*Task statement*:
Repeat the records exactly as given. Do not include the pictures.

[Opening Data records section]

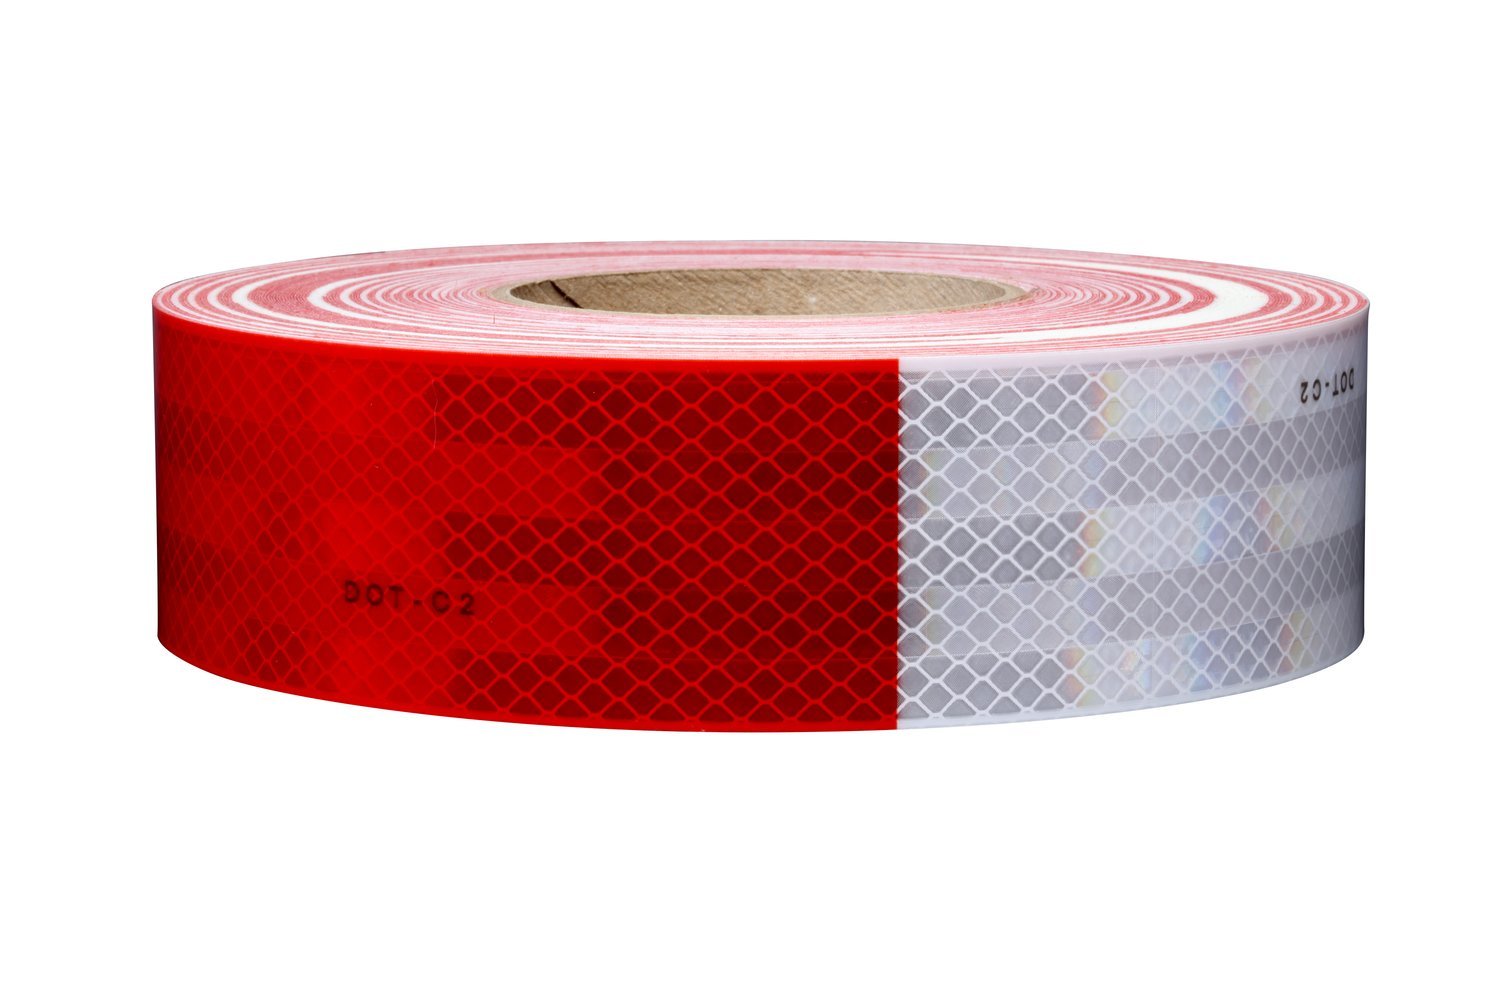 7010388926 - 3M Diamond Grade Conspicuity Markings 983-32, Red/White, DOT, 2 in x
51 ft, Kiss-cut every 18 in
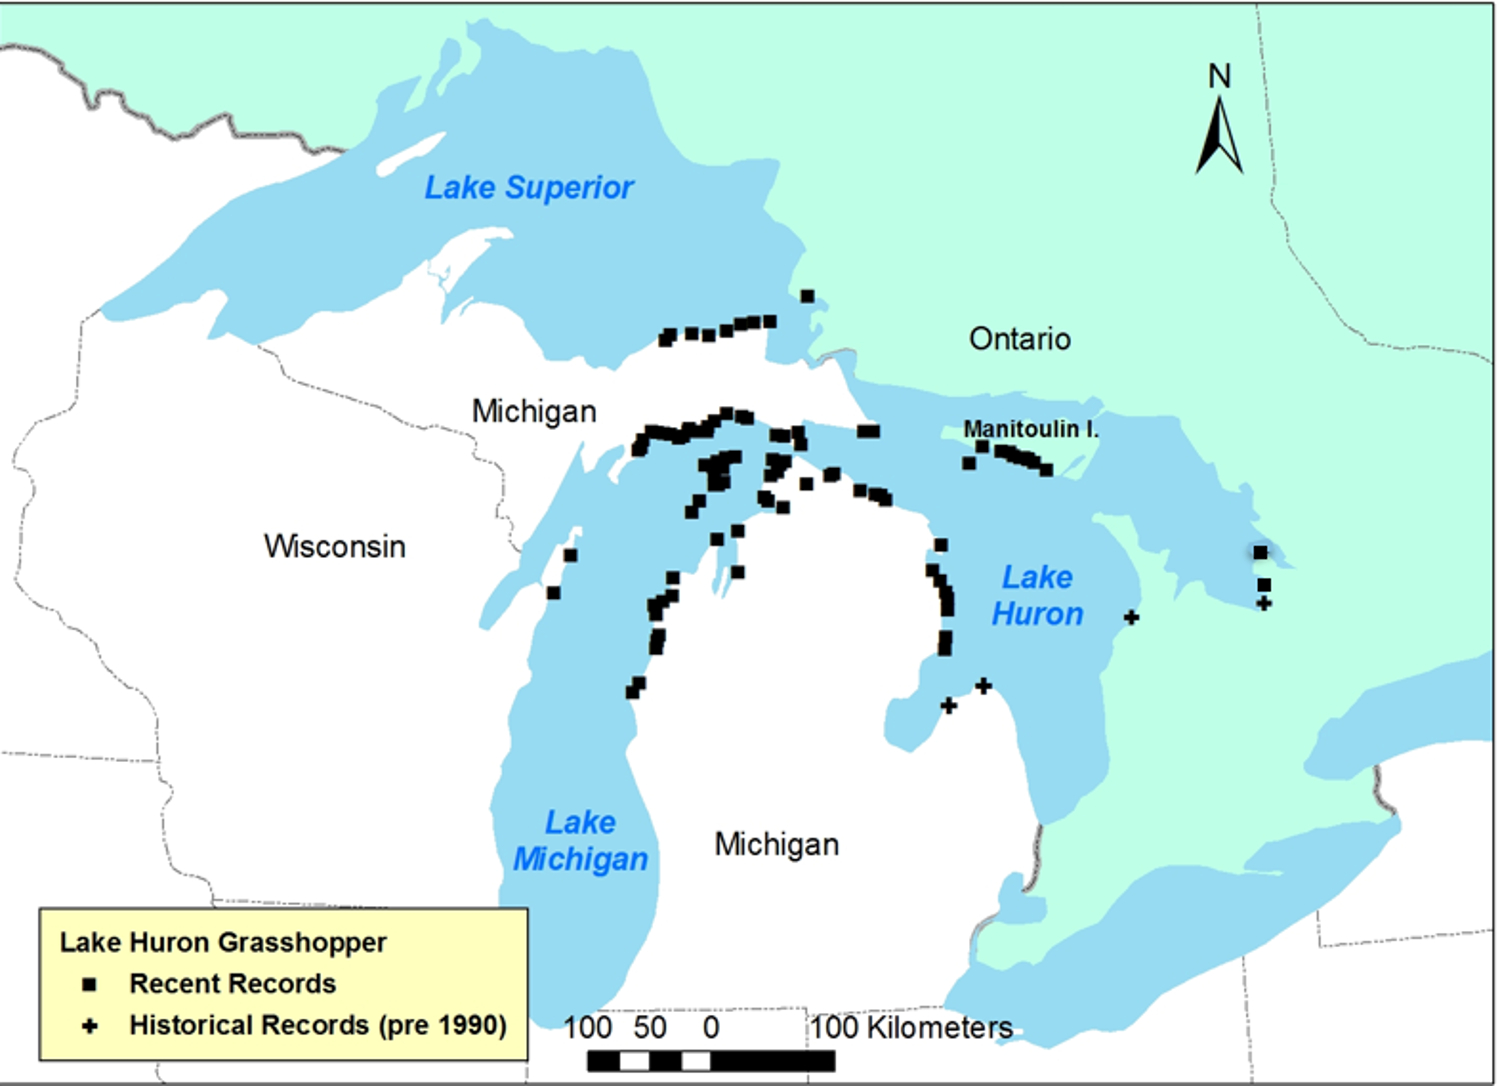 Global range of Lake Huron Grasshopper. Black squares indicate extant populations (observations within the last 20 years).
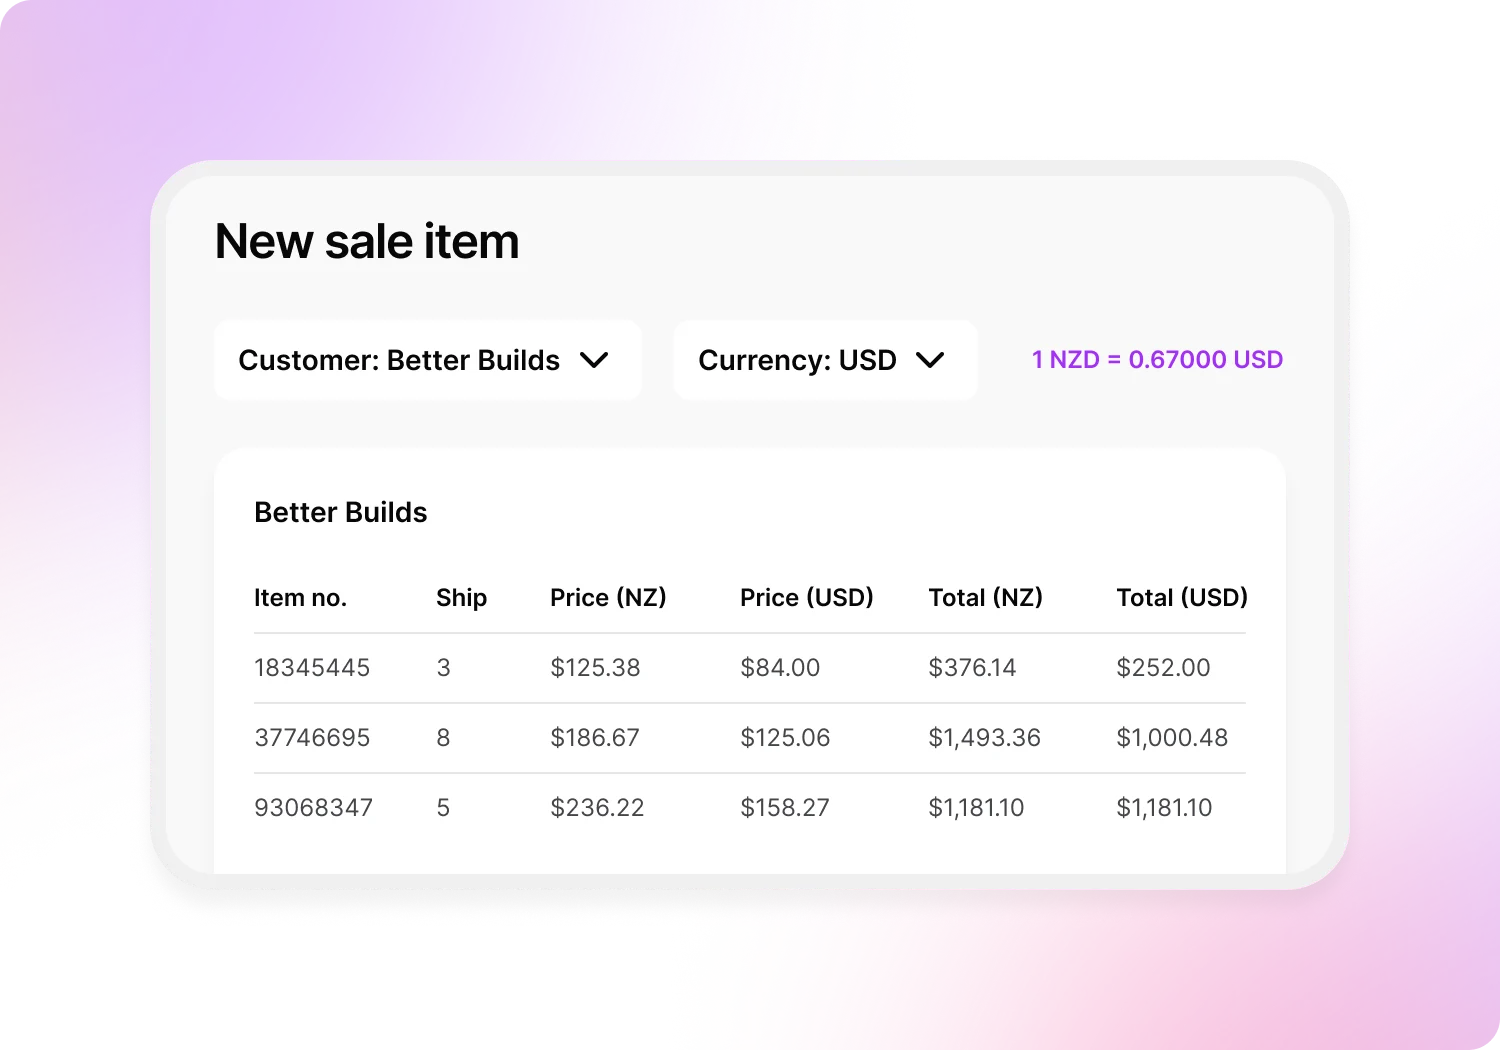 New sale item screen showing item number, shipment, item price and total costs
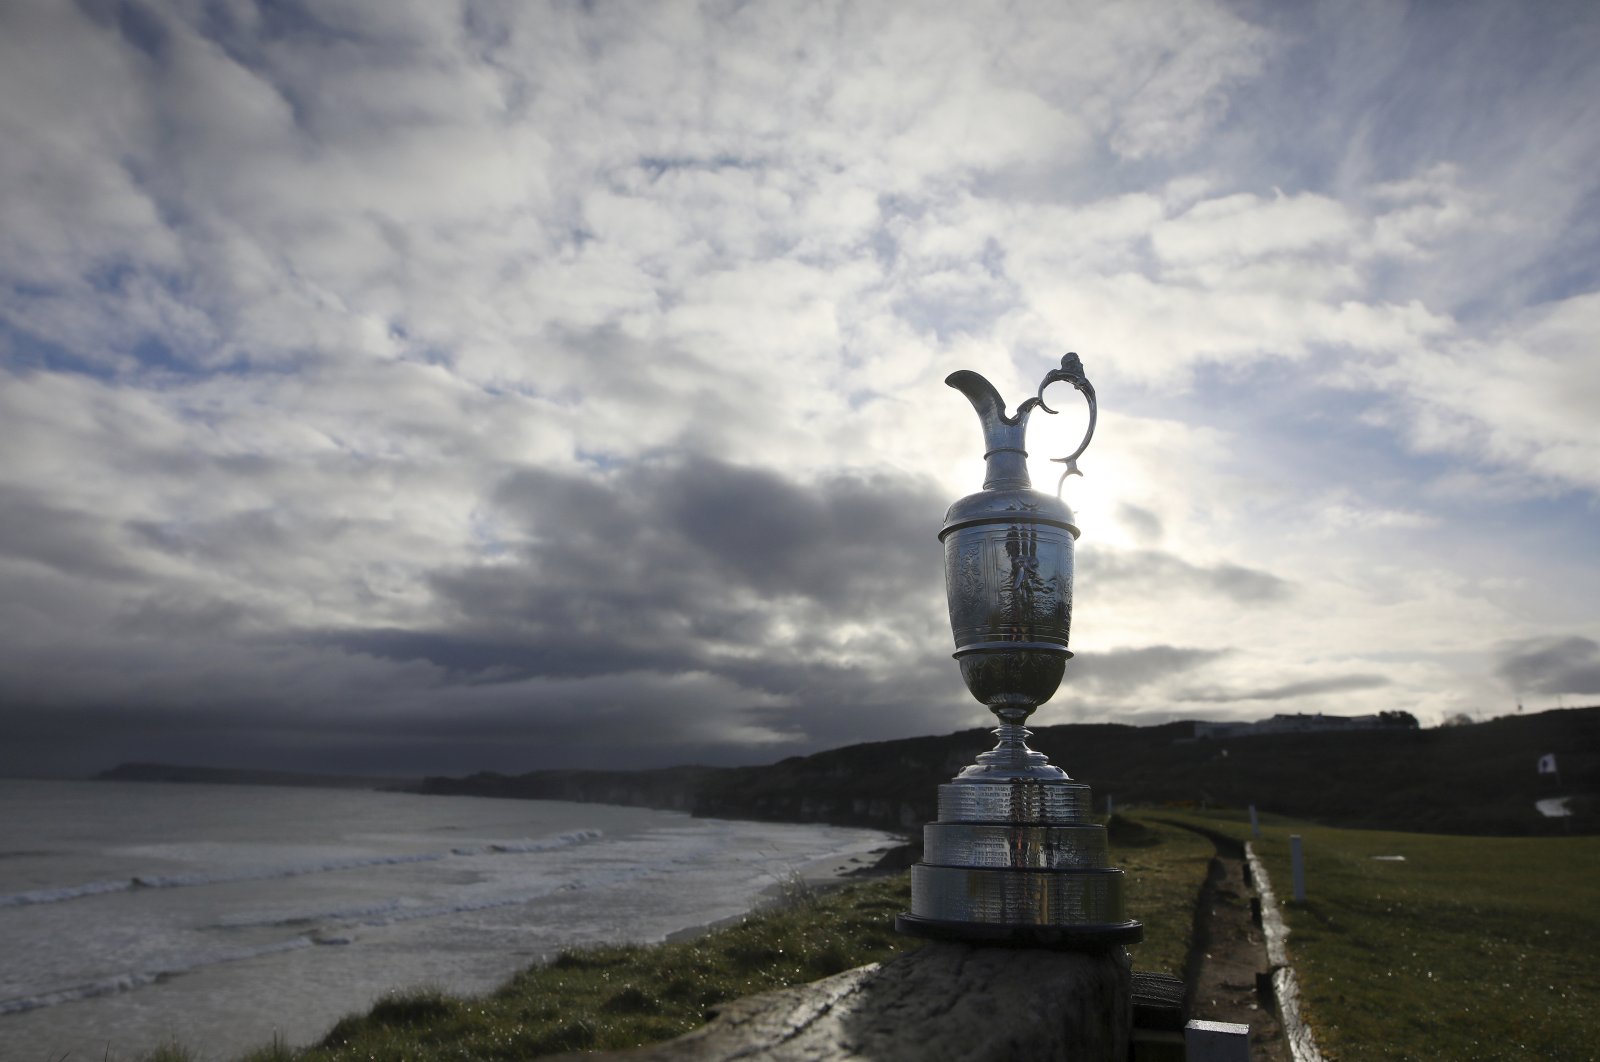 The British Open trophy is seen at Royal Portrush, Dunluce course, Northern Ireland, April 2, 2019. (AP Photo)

[Closing Data records section]

*Answer to the exercise*:
 7010388926 - 3M Diamond Grade Conspicuity Markings 983-32, Red/White, DOT, 2 in x
51 ft, Kiss-cut every 18 in
 Global range of Lake Huron Grasshopper. Black squares indicate extant populations (observations within the last 20 years).
 New sale item screen showing item number, shipment, item price and total costs
 The British Open trophy is seen at Royal Portrush, Dunluce course, Northern Ireland, April 2, 2019. (AP Photo)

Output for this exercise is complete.